# Projection

The ppanggolin projection command allows you to annotate external genomes using an existing pangenome. This process eliminates the need to recompute all components, streamlining the annotation process. Input genomes are expected to belong to the same species.

Genes within the input genome are aligned with genes in the pangenome to determine their gene families and partitions. Genes that do not align with any existing gene in the pangenome are considered specific to the input genome and are assigned to the "Cloud" partition. The number of this specific cloud families are detailed in the summary table.

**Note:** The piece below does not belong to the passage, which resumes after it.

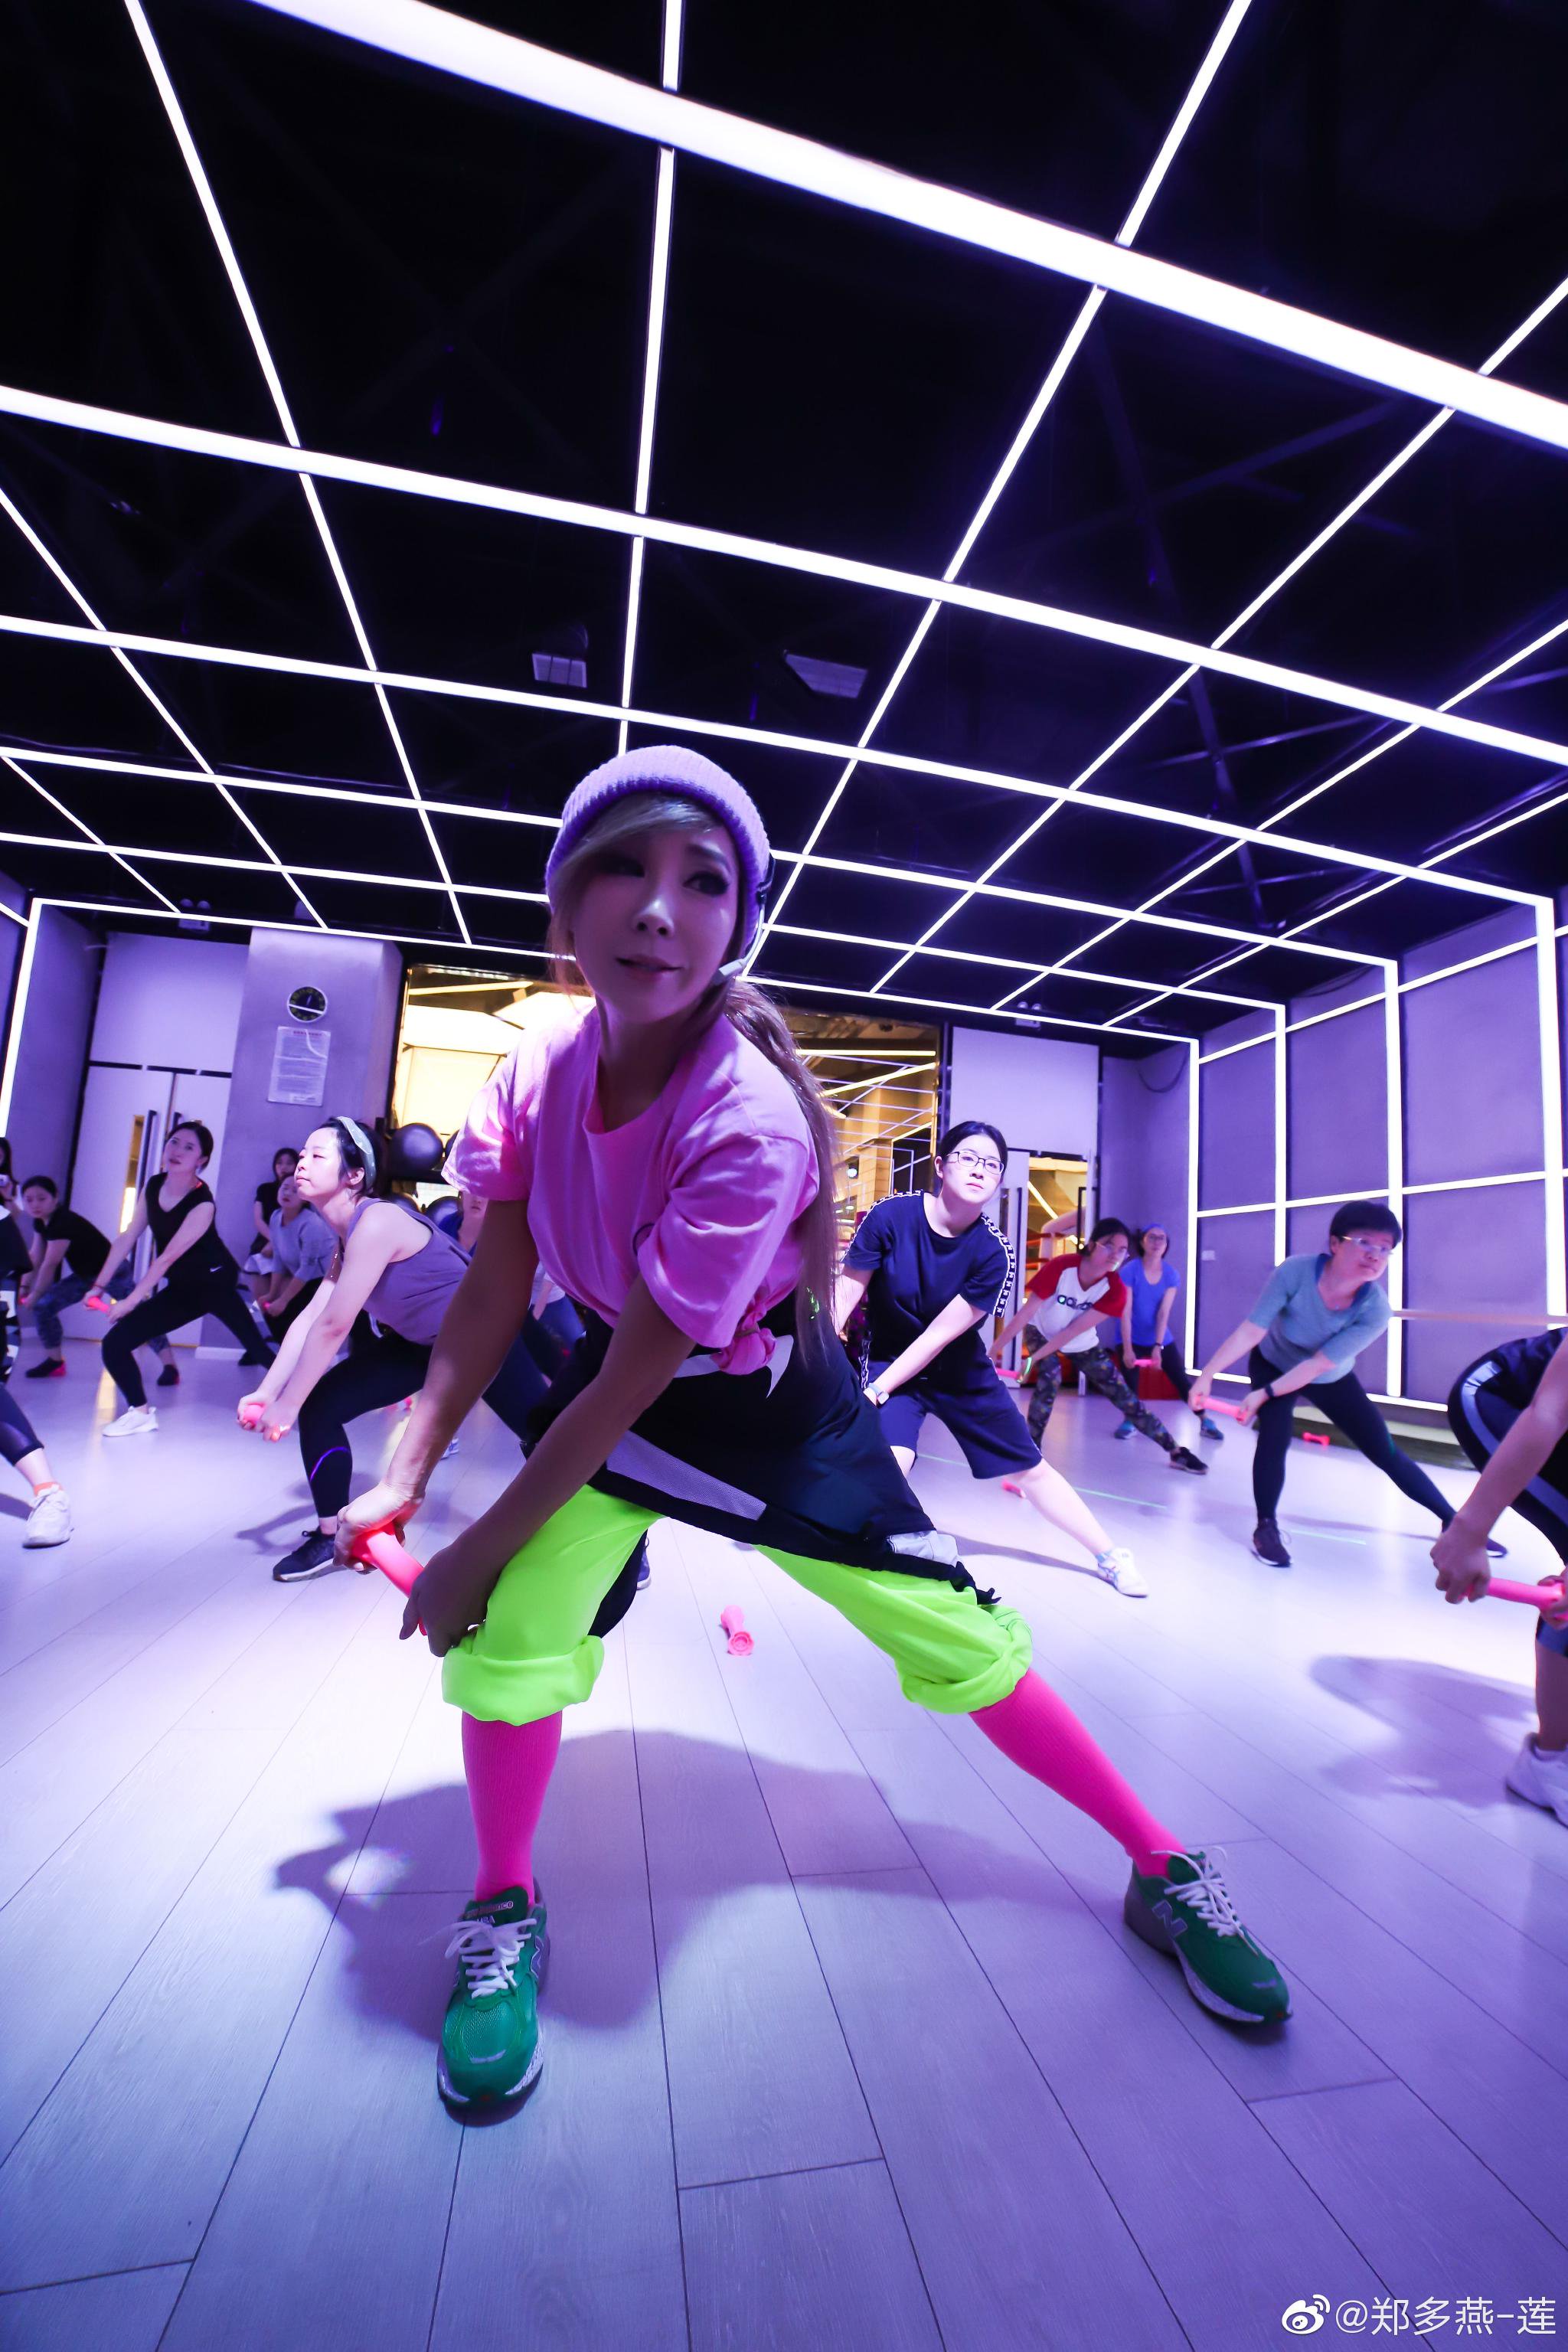 考慮到更多女性受眾群體，鄭多燕在健身操動作的編排和音樂搭配上進行創新。 圖/鄭多燕微博

Based on the alignment and partition assignment, Regions of Plasticity (RGPs) within the input genome are predicted. Each RGP that is not located on a contig border is assigned to a spot of insertion. Finally, conserved modules of the pangenome found in the input genome are reported in the output files.

## Input files:

This command supports two input modes depending on whether you want to project a single genome or multiple genomes at once:

Multiple Files in One TSV:
- **Options**: `--fasta` or `--anno`
- **Description**: You can provide a tab-separated file listing genome names alongside their respective FASTA genomic sequences or annotation filepaths, with one line per genome. This mode is suitable when you want to annotate multiple genomes in a single operation. The format of this file is identical to the format used in the annotate and workflow commands; for more details, refer [here](./PangenomeAnalyses/pangenomeAnnotation.md).


**Example Usage:**
Suppose you have a TSV file named `external_genome_paths.txt` listing multiple annotation files of external genomes.  To execute the projection, use the following command:
```bash
ppanggolin projection -p pangenome.h5 --anno external_genome_paths.txt
```


Single File:
- **Options**: `--genome_name` with `--fasta` or `--anno` and `--circular_contigs` (optional)
- **Description**: When annotating a single genome, you can directly provide a single FASTA genomic sequence file or an annotation file in GFF/GBFF format. Additionally, specify the name of the genome using the `--genome_name` option. You can also indicate circular contigs using the `--circular_contigs` option when necessary.

**Example Usage:**
Suppose you have a single fasta file named `genome_A.fasta` of an external genome. To execute the projection, use the following command:
```bash
ppanggolin projection -p pangenome.h5 --anno genome_A.fasta --genome_name genome_A
```

## Output Files

Within the Output directory, the `summary_projection.tsv` file provides an overview of the projection, featuring one line per genome. This file includes all the columns described in the [genome-statistics table](./PangenomeAnalyses/pangenomeStat.md#genome-statistics-table) section, along with specific projection-related columns detailed below:

| Column                      | Description                                                                                   |
|-----------------------------|-----------------------------------------------------------------------------------------------|
| Cloud_specific_families     | Number of cloud-specific families. These gene families do not match any existing families within the pangenome. |
| Pangenome_file              | The file path of the pangenome used in the projection.                                           |
| New_spots                   | Number of newly identified spots in the input genome.                                            |


Additionally, within the Output directory, there is a subdirectory for each input genome, named after the input genome itself. Each of these subdirectories contains several files:


For Gene Family and Partition of Input Genes:

- `cds_sequences.fasta`: This file contains the sequences of coding regions (CDS) from the input genome.
- `gene_to_gene_family.tsv`: It provides the mapping of genes to gene families of the pangenome. Its format follows [this output](PangenomeAnalyses/pangenomeAnalyses.md#gene-families-to-genes-associations)
- `sequences_partition_projection.tsv`: This file maps the input genes to its partition (Persistent, Shell or Cloud).
- `specific_genes.tsv`: This file lists the gene of the input genomes that do not align to any gene of the pangenome. These genes are assigned to Cloud parititon. 

For RGPs and Spots:

- `plastic_regions.tsv`: This file contains information about RGPs within the input genome. Its format follows [this output](RGP/rgpOutputs.md#rgp-outputs).
- `input_genome_rgp_to_spot.tsv`: It provides information about the association between RGPs and insertion spots in the input genome. Its format follows [this output](RGP/rgpOutputs.md#summarize-spots).

Optionally, you can generate a graph of the spots using the `--spot_graph` option. This graph resembles the one produced by the `ppanggolin draw --spots` command, which is detailed [here](RGP/rgpOutputs.md#draw-spots).

For Modules:

- `modules_in_input_genome.tsv`: This file lists the modules that have been found in the input genome. Its format follows [this output](Modules/moduleOutputs.md#module-outputs).